Exercise data:
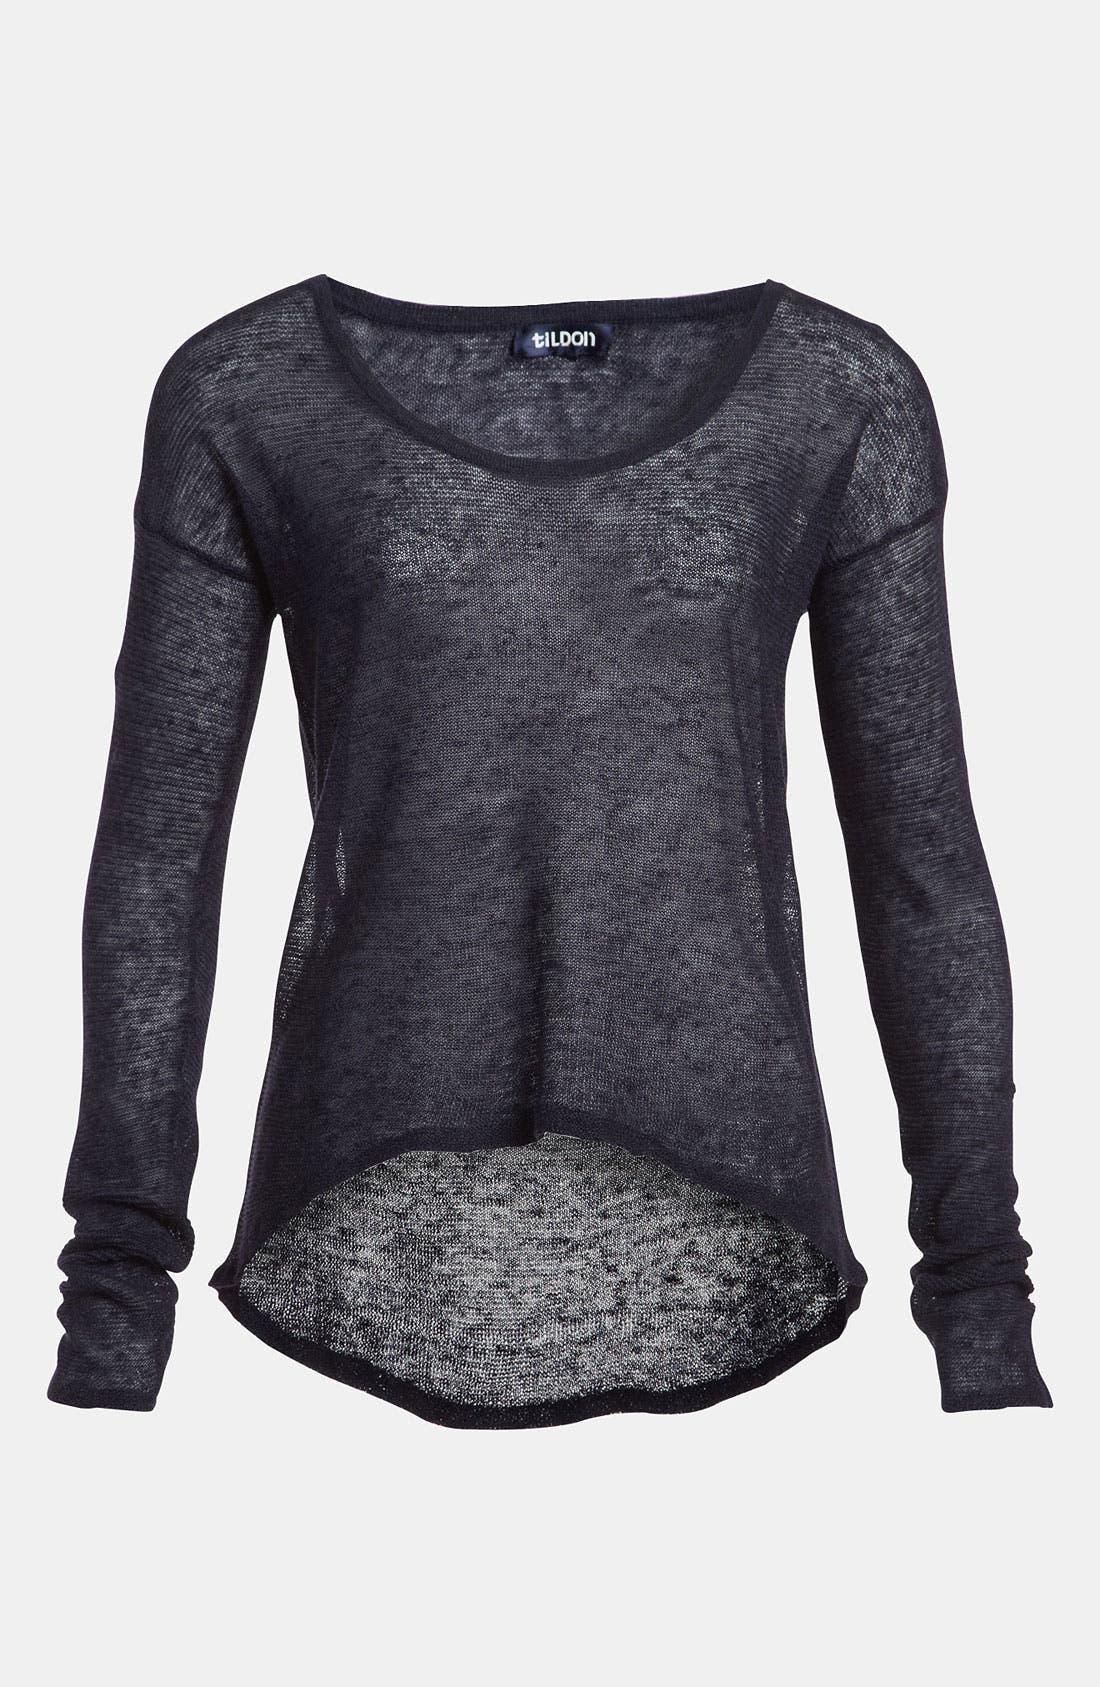 Alternate Image 1 Selected - Tildon Sheer High/Low Pullover
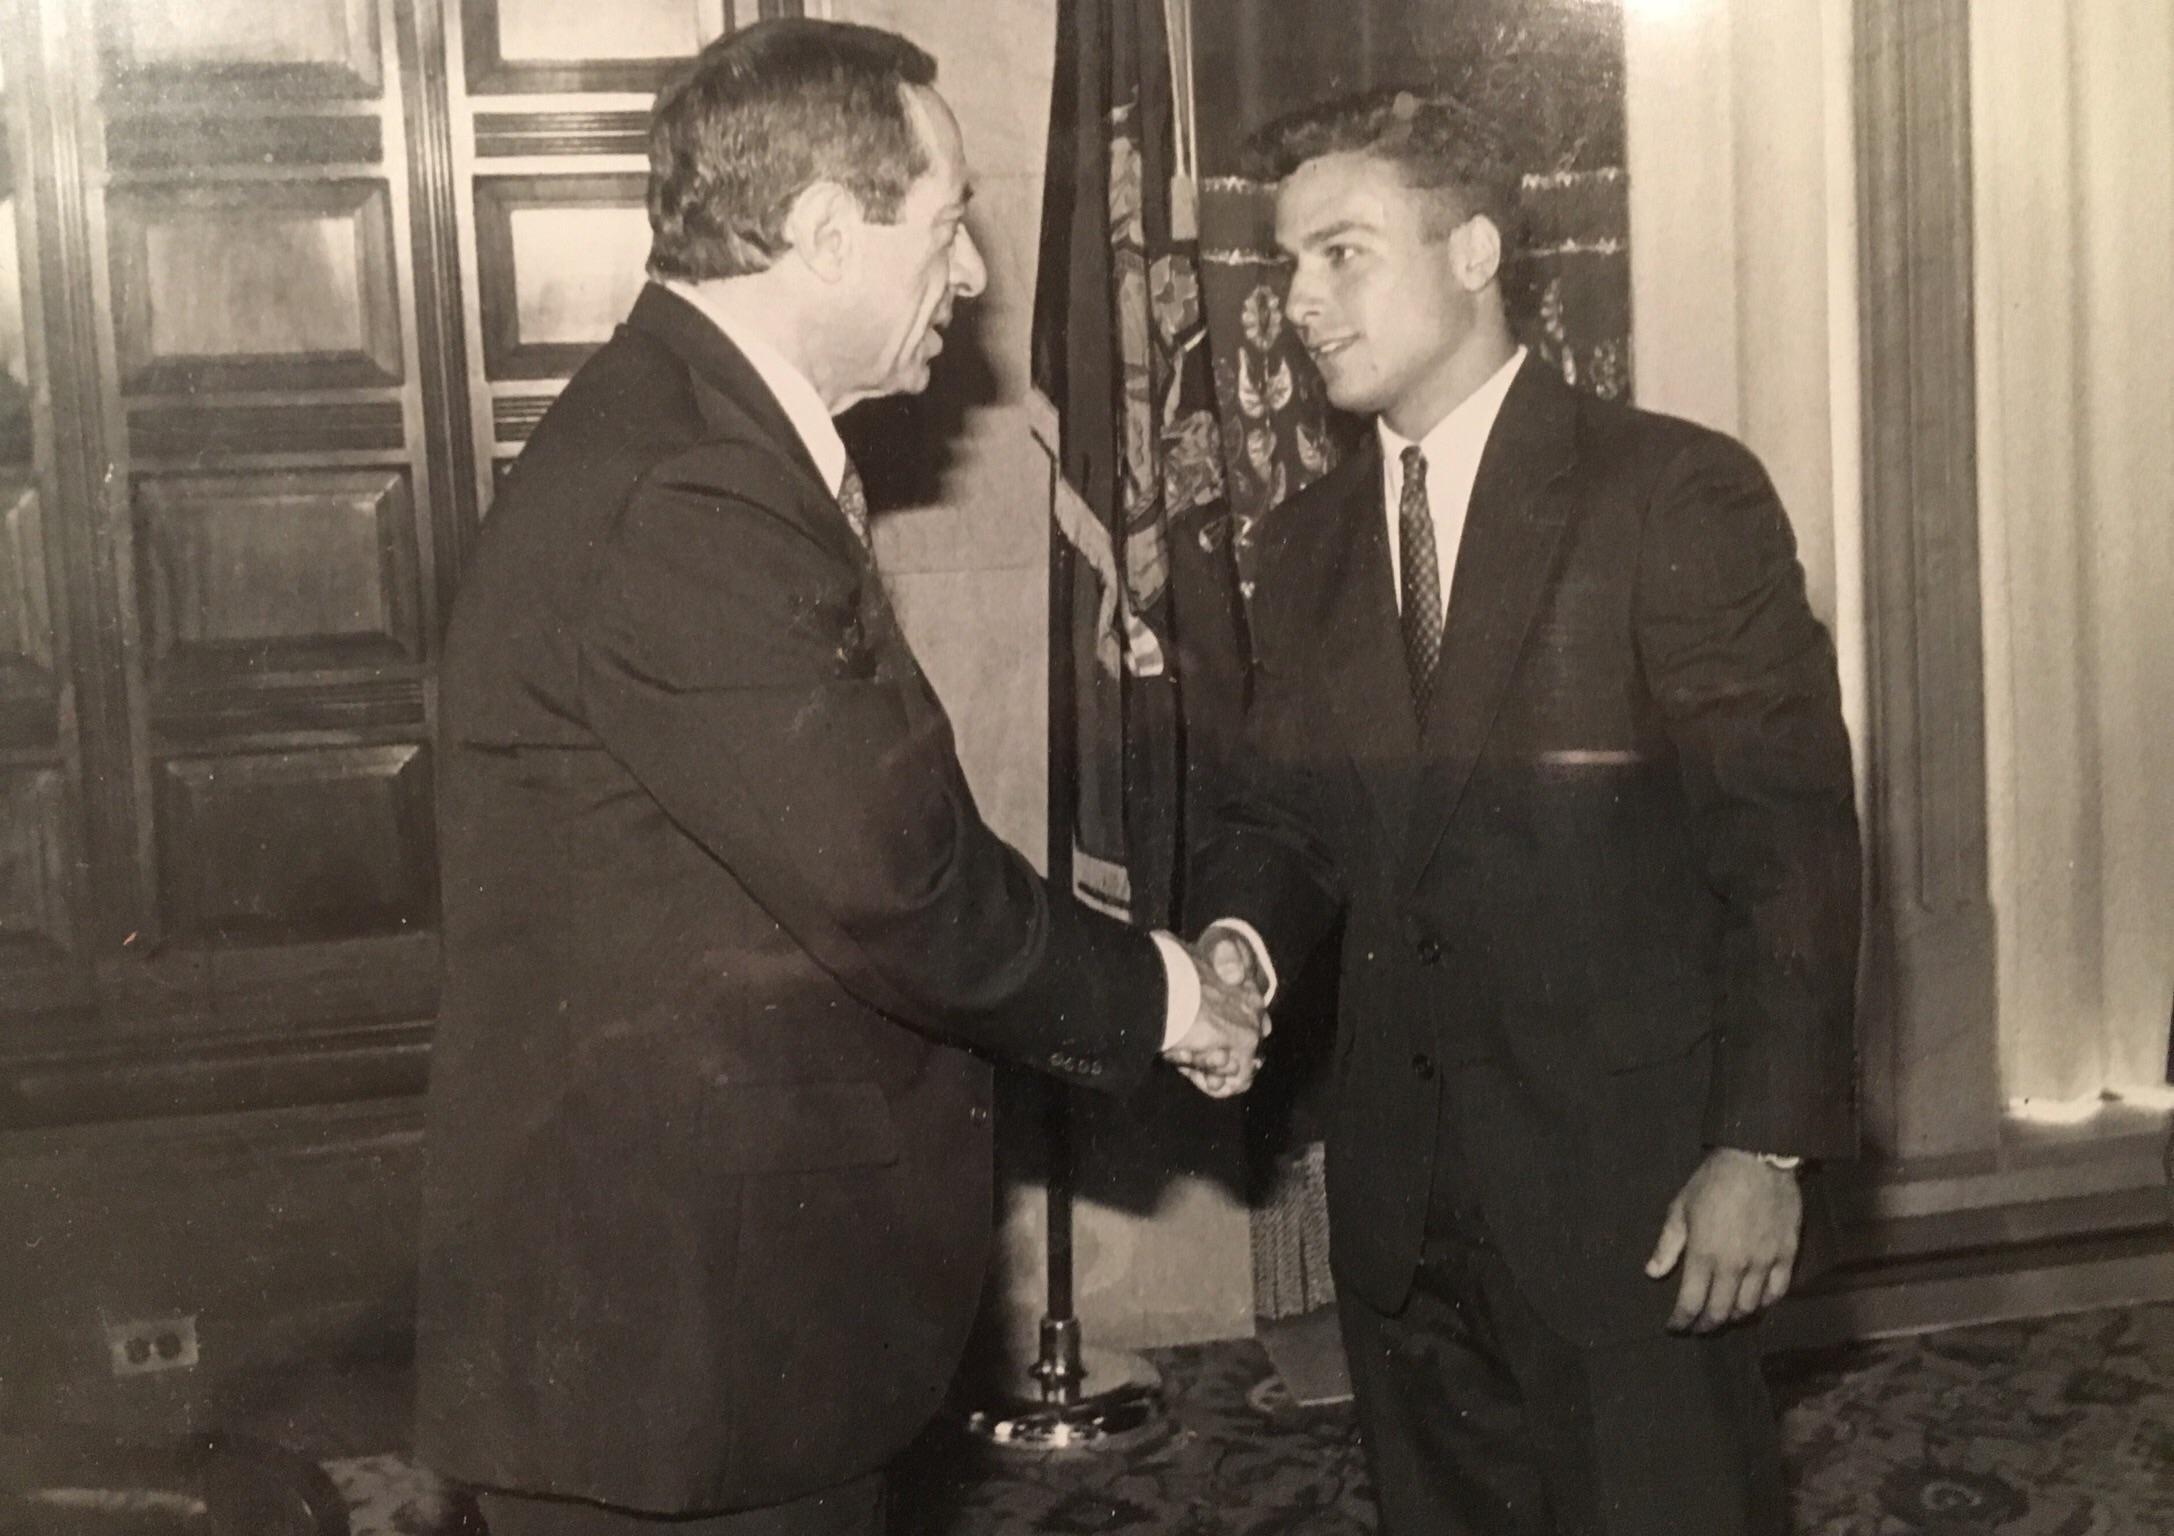 Meeting Former NY Governor Mario Cuomo 1991 OldSchoolCool
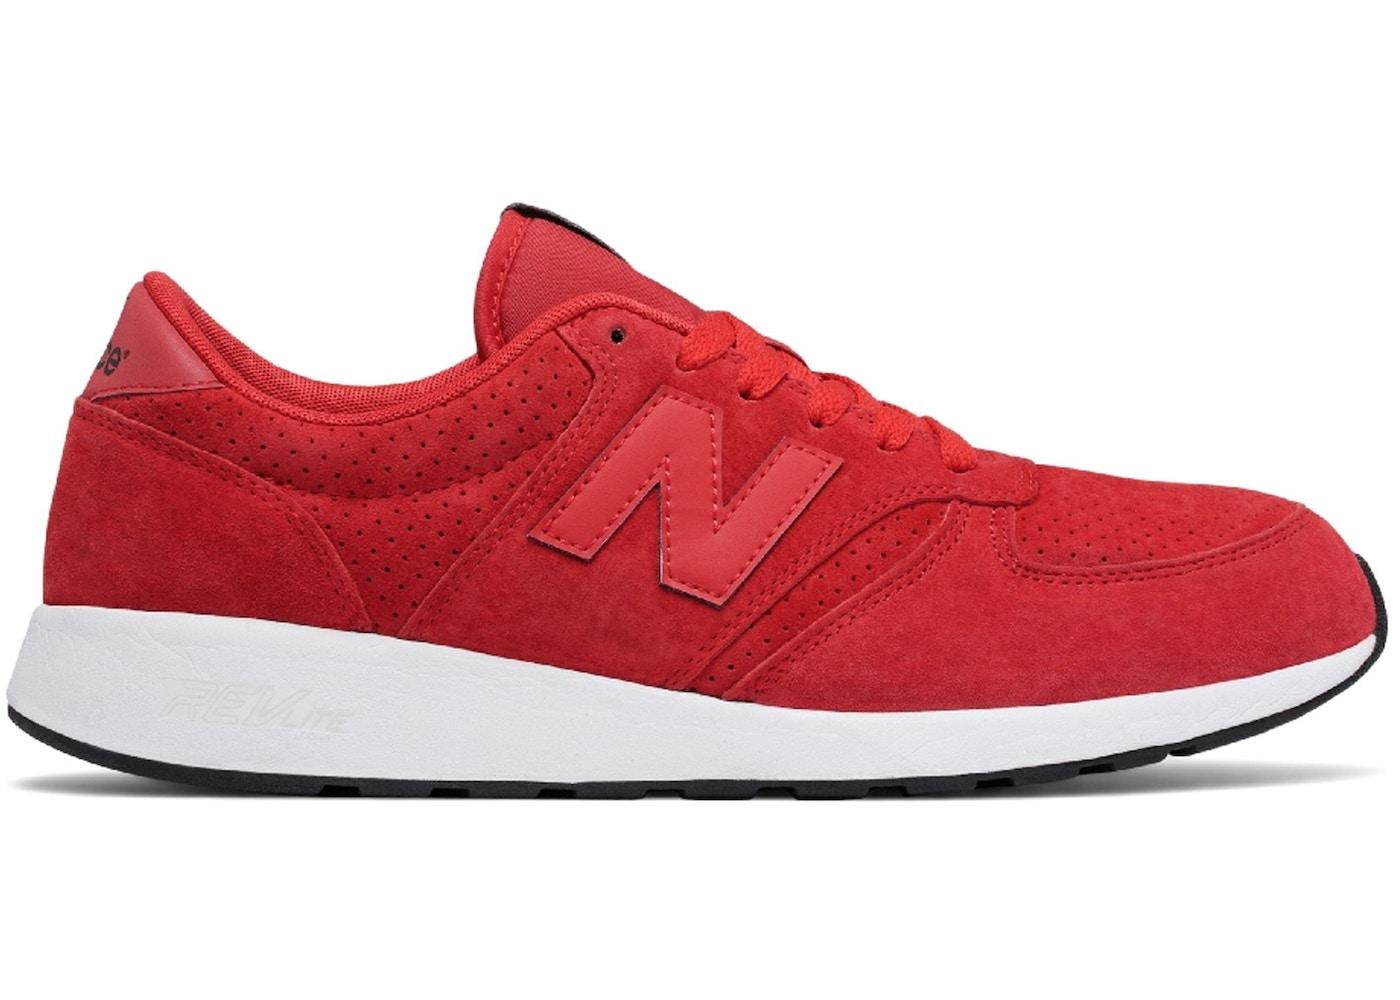 New Balance 420 Re-Engineered Red

Your objective:
Everything from the line holding "Meeting Former NY" through the last line of the listing should be written out exactly, except for the pictures.

Task output:
 Meeting Former NY Governor Mario Cuomo 1991 OldSchoolCool
 New Balance 420 Re-Engineered Red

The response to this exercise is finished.